之前我们构筑了很多feedid的词向量特征,现在我们为userid构建tf-idf向量作为特征。

# 构建tf-idf向量作为特征。
# 词向量作为特征偏向于提升模糊泛化的效果,而tfidf则属于更加精准的匹配。
# 这里同样给予authorid更高的向量维度

import os

if os.path.exists('./tfidf_user.npy'):
    tfidf_userid_feat = np.load('tfidf_user.npy')
else:
    from tqdm import tqdm

    tfidf_userid_feat = []
    for group in tqdm(['authorid', 'bgm_song_id', 'bgm_singer_id',]):
        tmp = user_action[['userid', group]].sort_values(by='userid').groupby('userid')[group].apply(lambda x: ' '.join(map(str, x)))
        vectorizer = CountVectorizer()
        transformer = TfidfTransformer(sublinear_tf=True)
        from sklearn.decomposition import TruncatedSVD
        tfidf = transformer.fit_transform(vectorizer.fit_transform(tmp))
        if group =='authorid':
            clf = TruncatedSVD(EMBEDDING_SIZE_AUTHORID)
        else:
            clf = TruncatedSVD(EMBEDDING_SIZE_SONGSINGERID)
        tfidf_pca_author = clf.fit_transform(tfidf)
        tfidf_userid_feat.append(tfidf_pca_author)

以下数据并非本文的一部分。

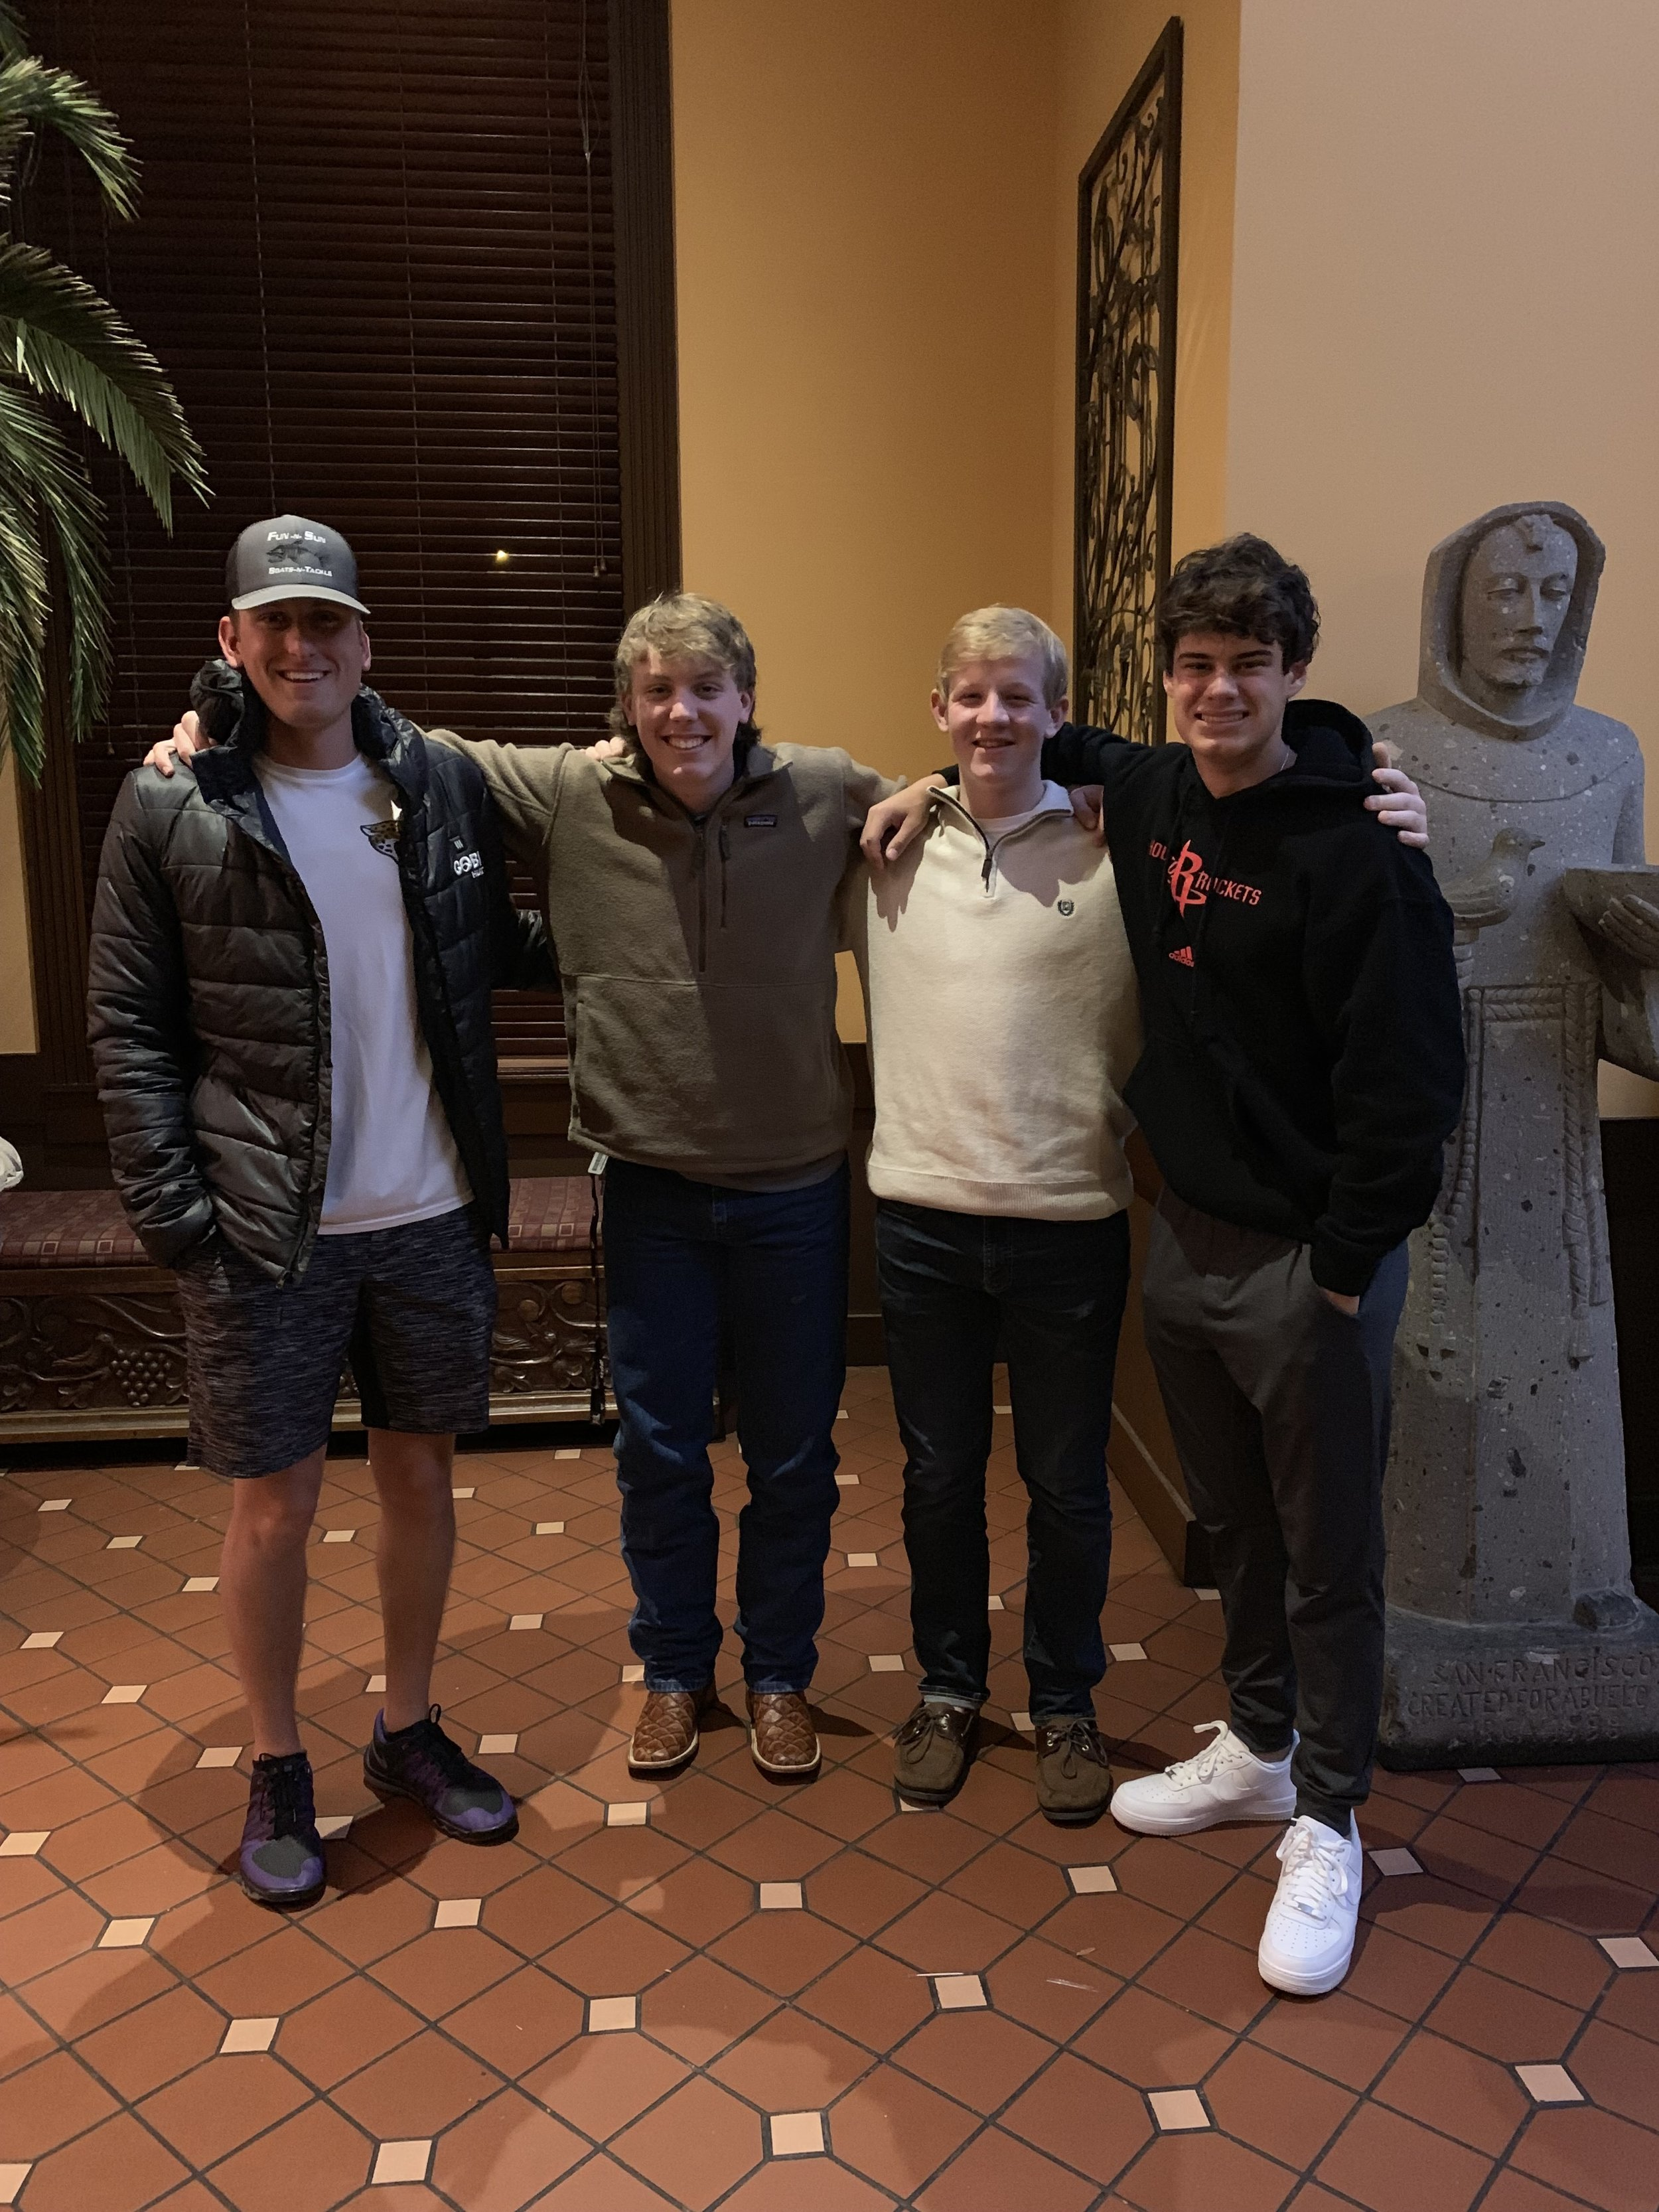 2019 Signees - Griffin Kell - TCUMatt Stanton - UCOJosh Plaster - Arizona State

    tfidf_userid_feat = np.hstack(tfidf_userid_feat)
    np.save('tfidf_user.npy', tfidf_userid_feat)
    
# 映射词表
embedding_matrix_userid_tfidf = np.zeros((N_USERID+2, EMBEDDING_SIZE_AUTHORID+EMBEDDING_SIZE_SONGSINGERID*2))
for index, i in enumerate(sorted(user_action.userid.unique())):
  try:
    embedding_matrix_userid_tfidf[i+1] = tfidf_userid_feat[index].astype('float32')
  except:
    pass

# 构建embedding层
embedding_layer_userid_tfidf = paddle.nn.Embedding(
                                      num_embeddings=N_USERID + 2,
                                      embedding_dim=EMBEDDING_SIZE_AUTHORID+EMBEDDING_SIZE_SONGSINGERID*2,
                                      padding_idx=0,
                                          )
embedding_layer_userid_tfidf.weight.set_value(embedding_matrix_userid_tfidf.astype('float32'))

3. 模型结构与训练

3.1. 模型结构

DCN模型

https://arxiv.org/abs/1708.05123

DCN 的全称是Deep & Cross Network,网络架构如下:

使用DCNv1的弊端也十分明显,模型本身17年就发表了,调参成本低,但是模型性能上限偏低。

词向量

模型中使用的词向量种类包括了:

  1. 按照userid聚合的feedid的预训练词向量。
  2. feedid的文本类、多模态特征向量。
  3. 按照userid聚合的authorid预训练词向量。
  4. 按照userid聚合的songid预训练词向量。
  5. 按照userid聚合的singerid预训练词向量。
  6. 使用authorid、songid、singerid的tfidf表示的userid词向量。
  7. 可训练的feedid向量。
  8. 可训练的userid向量。
  9. 可训练的tag、keyword向量。
  10. 可训练的authorid、songid、singerid向量。

模型中没有使用点击率类型的统计特征。

import numpy as np
import pandas as pd
from numba import njit
from scipy.stats import rankdata
from joblib import Parallel, delayed
import warnings
warnings.filterwarnings("ignore", category=FutureWarning)

paddle.disable_static()

@njit
def _auc(actual, pred_ranks):
    actual = np.asarray(actual)
    pred_ranks = np.asarray(pred_ranks)
    n_pos = np.sum(actual)
    n_neg = len(actual) - n_pos
    return (np.sum(pred_ranks[actual == 1]) - n_pos*(n_pos+1)/2) / (n_pos*n_neg)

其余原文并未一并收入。